Why did journalists conceal the NAACP chief's crazy talk?
Whitewashing a Black Leader
BY JAMES TARANTO Best of the Web Today Friday, February 3, 2006 2:08 p.m. EST
Julian Bond, chairman of the NAACP, spoke Wednesday at North Carolina's Fayetteville State University during an event kicking off Black History Month. News 14 Carolina, a local cable-news network, did a feel-good story about this "civil rights icon" and NAACP recruitment:
<<< Bond said NAACP membership is alive and well. It has nearly 500,000 members. . . .
"I thought that it would be a good opportunity to have a more prominent role in my community," Victoria Ruffin, also a NAACP member, explained.
Bond said it's a positive attitude that lures more young people in. And it's those growing numbers that will help fight future racial discrimination. >>>
The Fayetteville Observer described the speech:
<<< Civil rights activist and NAACP Chairman Julian Bond told a crowd at Fayetteville State University on Wednesday that the fight for equal rights is not over.
"We now find ourselves refighting old battles we thought we had already won," he said. "We have to fight discrimination whenever it raises its ugly head." . . .
Bond spoke for 45 minutes, and his speech was interrupted several times by applause as he jabbed at the Bush administration. Bond's address was part of FSU's Distinguished Speakers Series and helped kick off Black History Month.
"We have a president who talks like a populist and governs for the privileged," Bond said. >>>
A little partisan jab is no big deal, but WorldNetDaily has an account of the speech that conveys quite a different tone:
<<< Civil rights activist and NAACP Chairman Julian Bond delivered a blistering partisan speech at Fayetteville State University in North Carolina last night, equating the Republican Party with the Nazi Party and characterizing Secretary of State Condoleezza Rice and her predecessor, Colin Powell, as "tokens."
"The Republican Party would have the American flag and the swastika flying side by side," he charged.

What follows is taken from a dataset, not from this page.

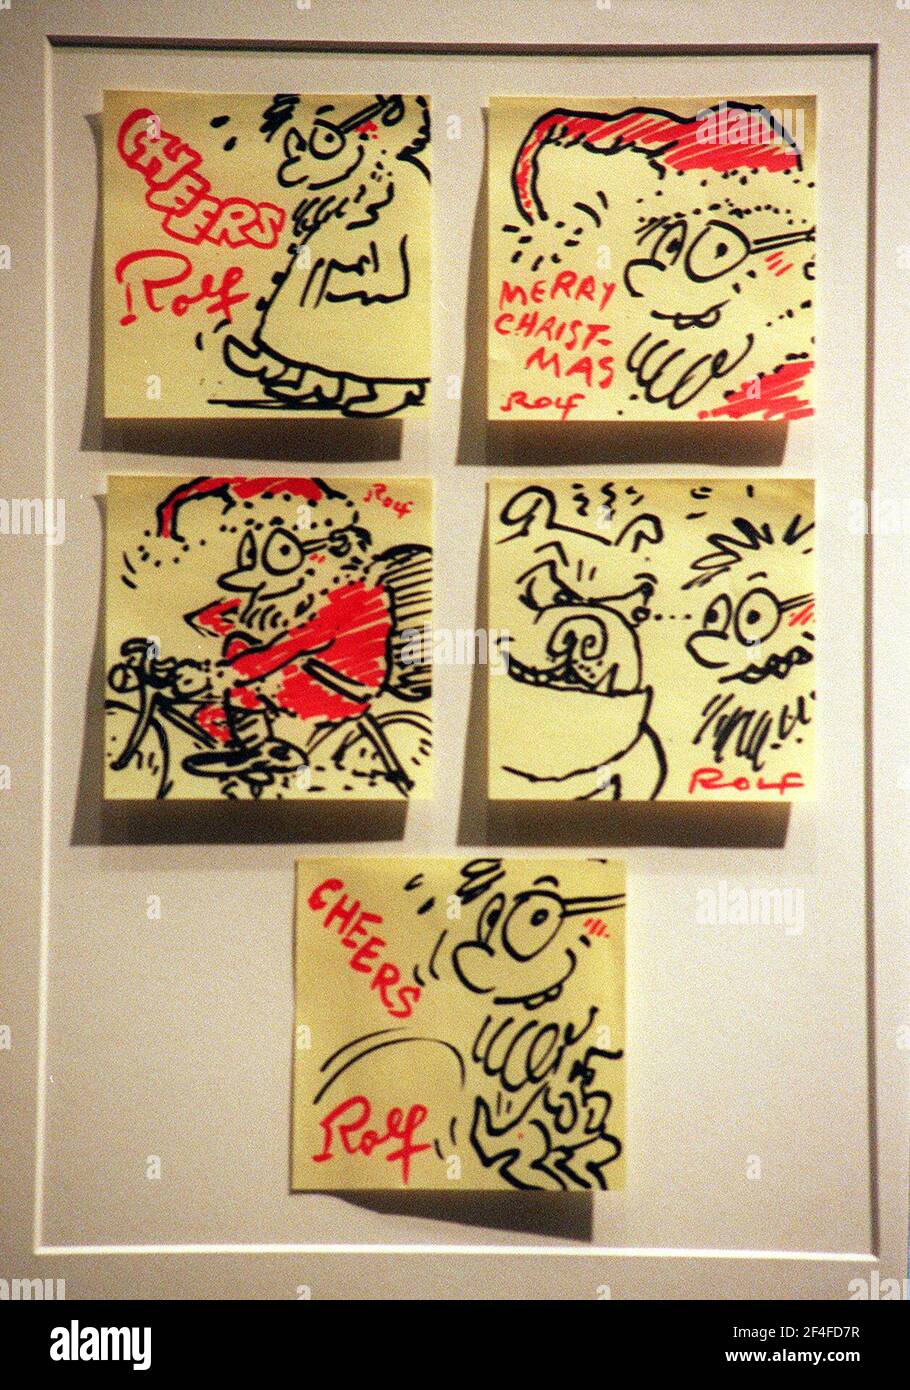 Miniatur-Meisterwerke auf Post-it-Notizen auf der Ausstellung in der Royal Academy. Diese besonderen Kritzeleien sind vom Künstler Rolf Harris,4-12-2000 Foto Tom Pilston Stockfoto

Calling President Bush a liar, Bond told the audience at the historically black institution that this White House's lies are more serious than the lies of his predecessor's because Clinton's lies didn't kill people. . . .
He referred to former Attorney General John Ashcroft as J. Edgar Ashcroft. He compared Bush's judicial nominees to the Taliban. >>>
Isn't it newsworthy when the leader of a venerable organization like the NAACP engages in such over-the-top, crackpot rhetoric? (Or, if you're an over-the-top crackpot and think Bond was right, isn't it newsworthy that the leader of a venerable organization like the NAACP is telling the truth about the evil Chimpy W. Hitliar?)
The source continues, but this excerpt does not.